Right, that's wrong. The spec isn't ambiguous here, it explicitly says 
that the current node must be a <tr> or <html> element, not an element 
with a "tr" or "html" tag name, and <tr> and <html> elements are in the 
HTML namespace (they're even hyperlinked to their definitions).


> But this same ambiguity exists elsewhere in the spec. For example, the 
> very next item under "in row" says "If the stack of open elements does 
> not have an element in table scope with the same tag name as the token" 
> (in this case, it's looking for a <tr>).

Yeah, that text is wrong, because part of the rules look for <*:tr>, and 
part assume that only <html:tr> was matched. In fact, it means that 
tr.innerHTML = '<math><tr><mo></tr>' has no parse error and pops the root 
<html> off the tree! That's clearly bogus.


> I think the HTML parser ought to specify more precisely how to deal with 
> namespaces in the stack of open elements, given that that stack can 
> contain elements of varying namespaces.

It's not so much that it has to do it precisely (it does), it's that it 
has to do it accurately...

There's a huge number of places in the spec that do tag name comparisons 
rather than element identity (tag+namespace) comparisons, and it's not at 
all clear to me that they should all change. Consider:

On Fri, 15 Mar 2013, Rafael Weinstein wrote:
>
> I just opened another similar bug: 
> https://www.w3.org/Bugs/Public/show_bug.cgi?id=21292 which has a similar 
> root cause.
> 
> I agree with Adam that it seems wrong that the stack of open elements 
> can contain elements in disparate namespaces, but its operation (at 
> times) only examines the local name (e.g. checking if an element is in a 
> specific scope, popping elements from the stack of open elements until 
> an element with the same tag name...)

Well, as noted in the bug, I don't think we should check the namespace in 
_every_ case. The case in the bug is this:

   <body><table><tr><td><svg><td><foreignObject></td>Foo<foo>

This is clearly invalid; the question is, what <td> did the author mean to 
match, if any? It makes sense to me to match the most recently one. In 
particular, consider these variations:

   <body><table><tr><td><svg><zz><foreignObject></td>Foo<foo>
   <body><table><tr><td><svg><zz><foreignObject></zz>Foo<foo>
   <body><table><tr><zz><svg><zz><foreignObject></zz>Foo<foo>



The cases in the spec now that are bogus are the cases where I mix one and 
the other.
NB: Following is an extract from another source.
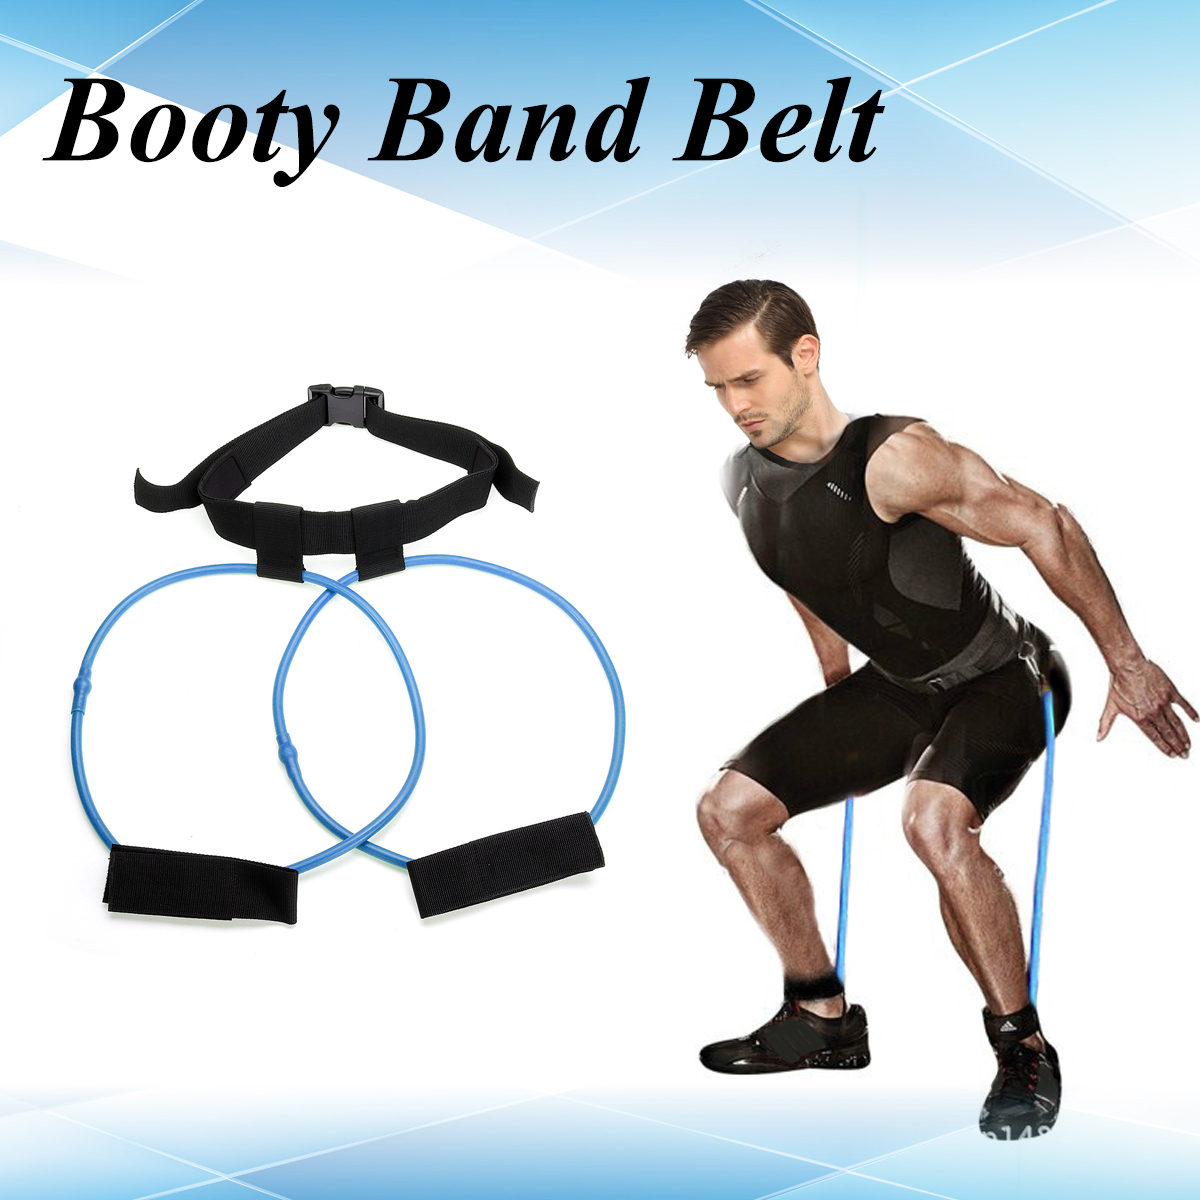 30LB-Booty-Resistance-Bands-Belt-Gym-Exercise-Training-Yoga-Butt-Lift-Fitness-Health-Workout-Band-1372253-10

That actually means the opposite kind of change as is being 
proposed above: for example, it would mean changing the "table" end tag 
steps from what they say now (popping an HTML <table> element), to popping 
any "table" element regardless of namespace. This would make the algorithm 
more consistent, and remove the bugs mentioned above.

Is this what people want to do? It's not what you (Adam) implemented, as I 
understand it.

-- 
Ian Hickson               U+1047E                )\._.,--....,'``.    fL
http://ln.hixie.ch/       U+263A                /,   _.. \   _\  ;`._ ,.
Things that are impossible just take longer.   `._.-(,_..'--(,_..'`-.;.'
Received on Wednesday, 29 May 2013 22:20:03 UTC